No, funnest isn’t a real word. But I don’t care, and neither does the Veloster N. It’s got a tremendous, stand-out personality that so many new cars seem to lack. The seatbelts are blue! The exhaust makes pops and crackles, which are annoying coming from other cars but seem so adorable and “right” emanating from the rear bumper of this one.

The 2021 Hyundai Veloster N continues to be a fantastic chassis to push hard, with the limited-slip diff substantially reducing front-end plow and torque steer. Standard adjustable dampers feel substantially different from setting to setting – save the firmest one for track use, and enjoy the softest on crappy city streets.
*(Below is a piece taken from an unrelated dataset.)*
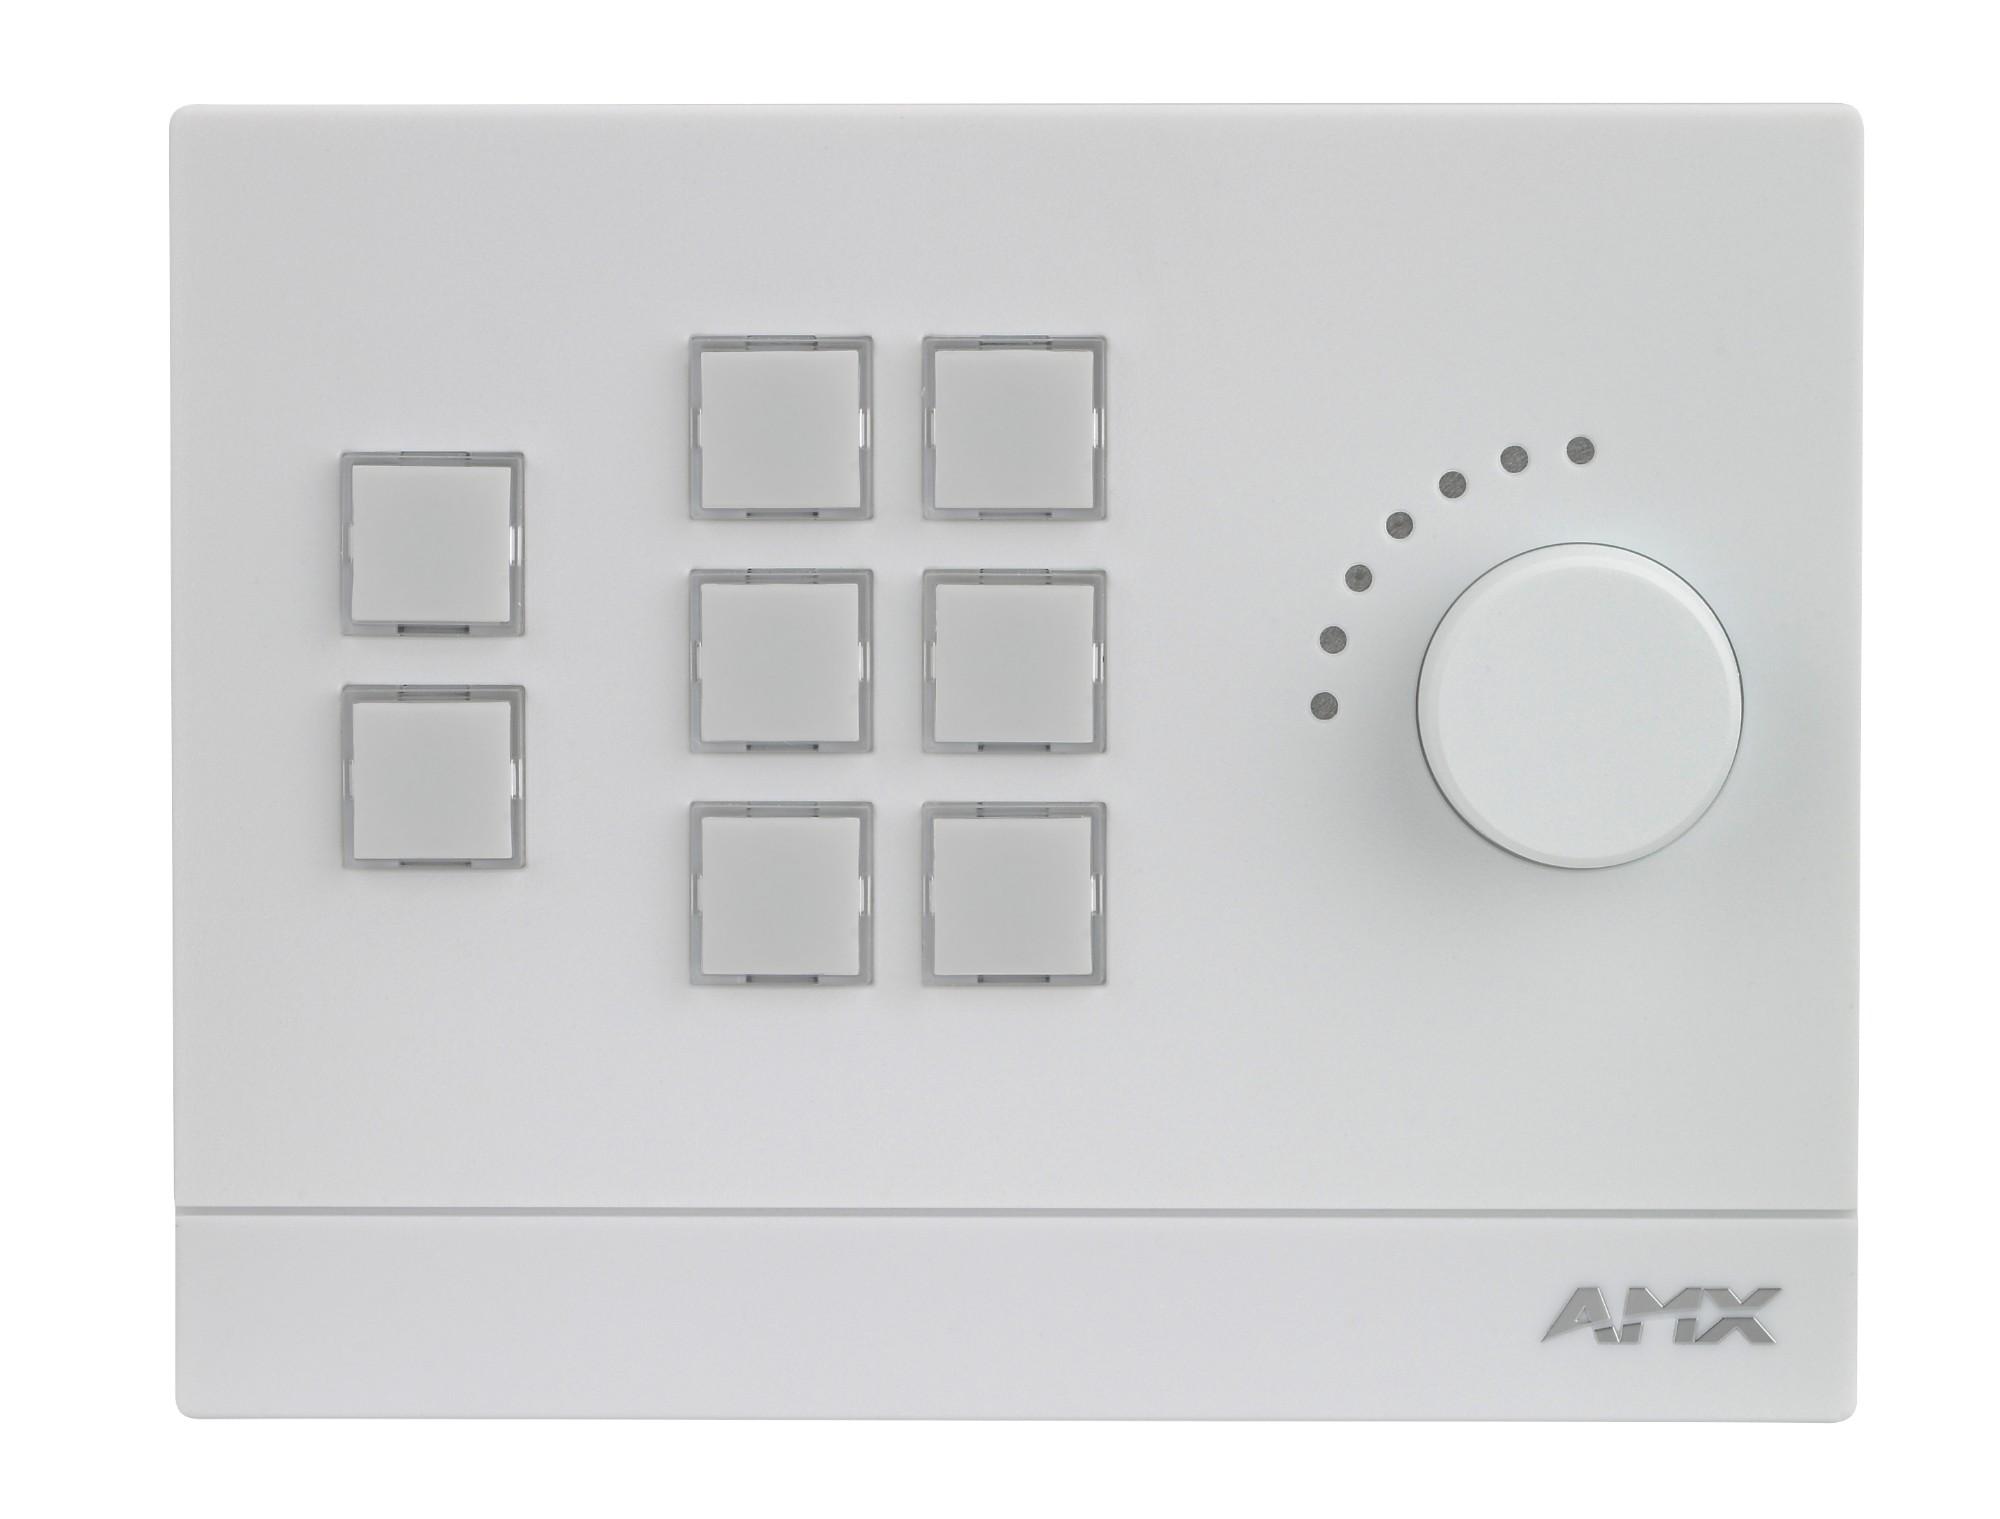 AMX FG2102-08-W White push-button panel

Hyundai’s new 8-speed N-only DCT is a good one. It shifts quickly, it knows what you’re doing and responds immediately, and it won’t leave you frustrated. It’s technically going to be the fastest around a racetrack or autocross course. Hyundai even claims the transmission knows when you’re driving on a track and will change its shift logic to ensure maximum performance… somehow. They’re light on the details, but call it “N Track Sense Shift.” For street or track use, you can’t go wrong with the DCT from a drivability perspective.

However. What is technically the fastest and perhaps “best” is not always the most fun. Though I found the DCT to be a very good one, I do think the Veloster N is a car that seems to shine a bit brighter if you’re rowing your own. The funky personality stands out either way, it’s great to drive either way, but if it were my money I’d still choose the manual. And I’m not a “manual must go in every car or it’s trash” kind of driver, either.

2021 Hyundai Veloster N DCT

Final Thoughts

The 2021 Hyundai Veloster N is a silly car. It’s a fun car. It’s more goofy than a GTI or Mazda3 Turbo, lighter on its feet than a Civic Type-R, and more refined (just) than the recently-departed Fiesta ST. It’s not for everyone, and it’s not trying to be. You can’t get heated leather seats or a heads-up display or a sunroof, because those would add weight. It’s well-equipped for many buyers, and the only choices you have are four paint colors and two transmissions.

And whether you choose the six-speed manual or eight-speed dual-clutch, it’s tough to go wrong. The Veloster N is a car with spunk and soul, which is very welcome as the idea of a hot hatchback continues to mutate and the market for such a thing shrinks a bit.

If you’re on the fence, go drive one.